よほど楽しいのだろうか。歌まで口ずさんでいる。そして、その歌を聞いた途端に青年は崩れ落ちた。
ドサッという音に人魚は驚き、青年が船の上で意識を失っているのを見た。
「おい、人間!」人魚は船のヘリにしがみついて青年を叩くも、ぐったりとして動かない。
「しまった、歌か。」そこでようやく自分の歌が人間には毒なのを思い出した。
人魚は船上に上がり、青年を介抱してやった。
青年が起きたのは2時間も経ってからだった。
ーーー
「ふんふふんふふ~♪」
次の日。
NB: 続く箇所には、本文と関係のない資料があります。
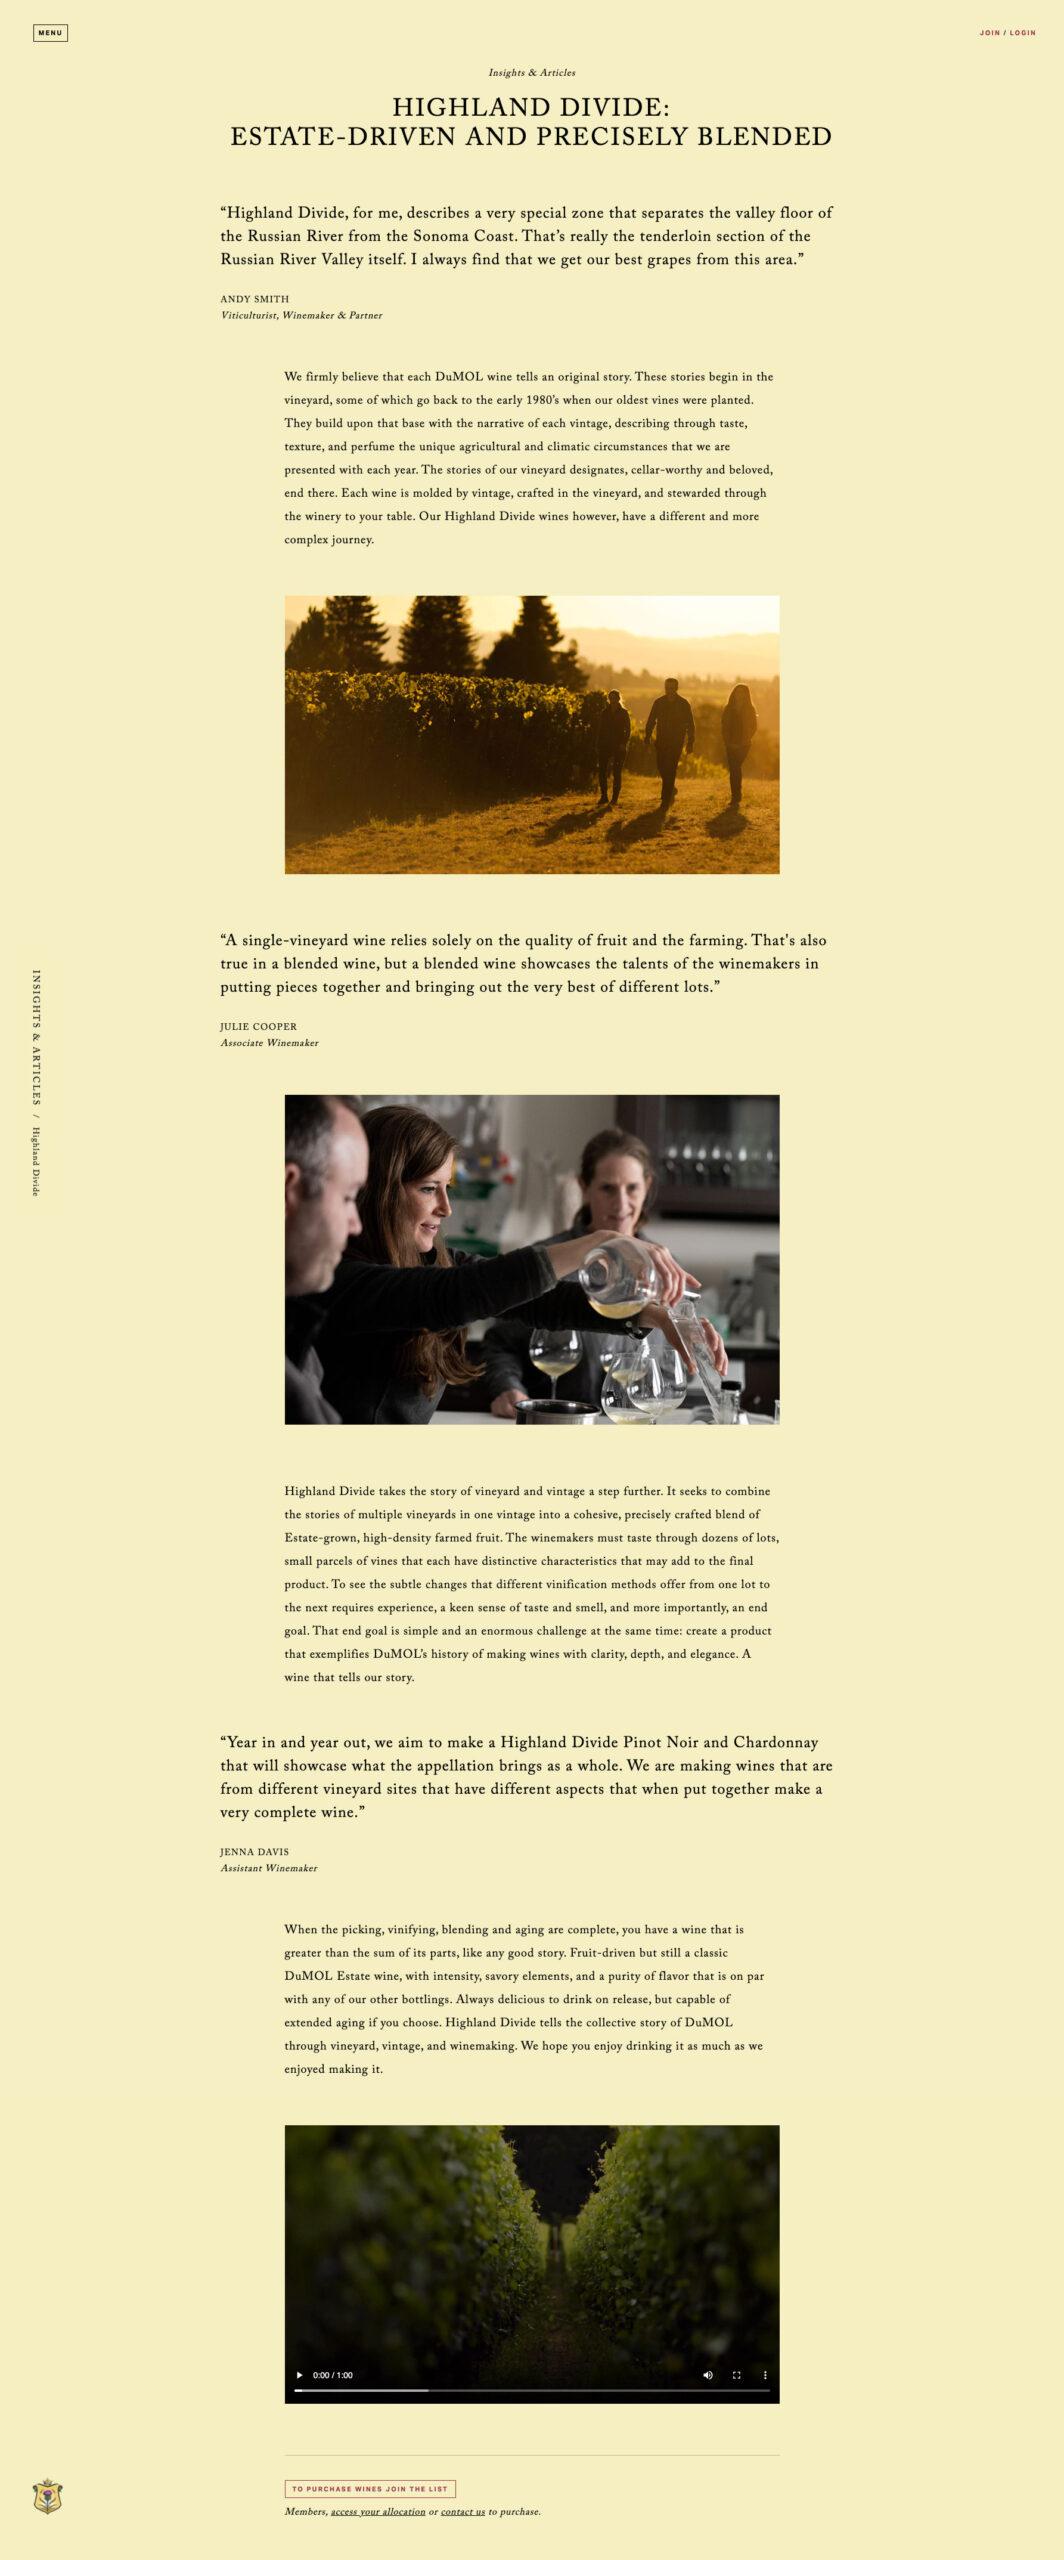 DuMol website story example

人魚は船の回りで鼻唄を歌っていた。昨日のような事がないように青年がどの程度平気なのか試すためだ。
「いいよ気にするなよたまになら気を失っても大丈夫だからっやめてくれぇ…!」
鼻唄でも影響はあるようで、青年は船のヘリにしがみついて顔を青くしていた。
そうは言っても倒れた時に頭を打ったりされては困る。人魚は耐性を付けていくのも含め、確認のためにしばらく鼻唄を歌い続けるのであった。
ーーー*ーーー*ーーー
「人間が来ない。」
海が荒れている訳でも、豪雨な訳でもないのに青年が来ない。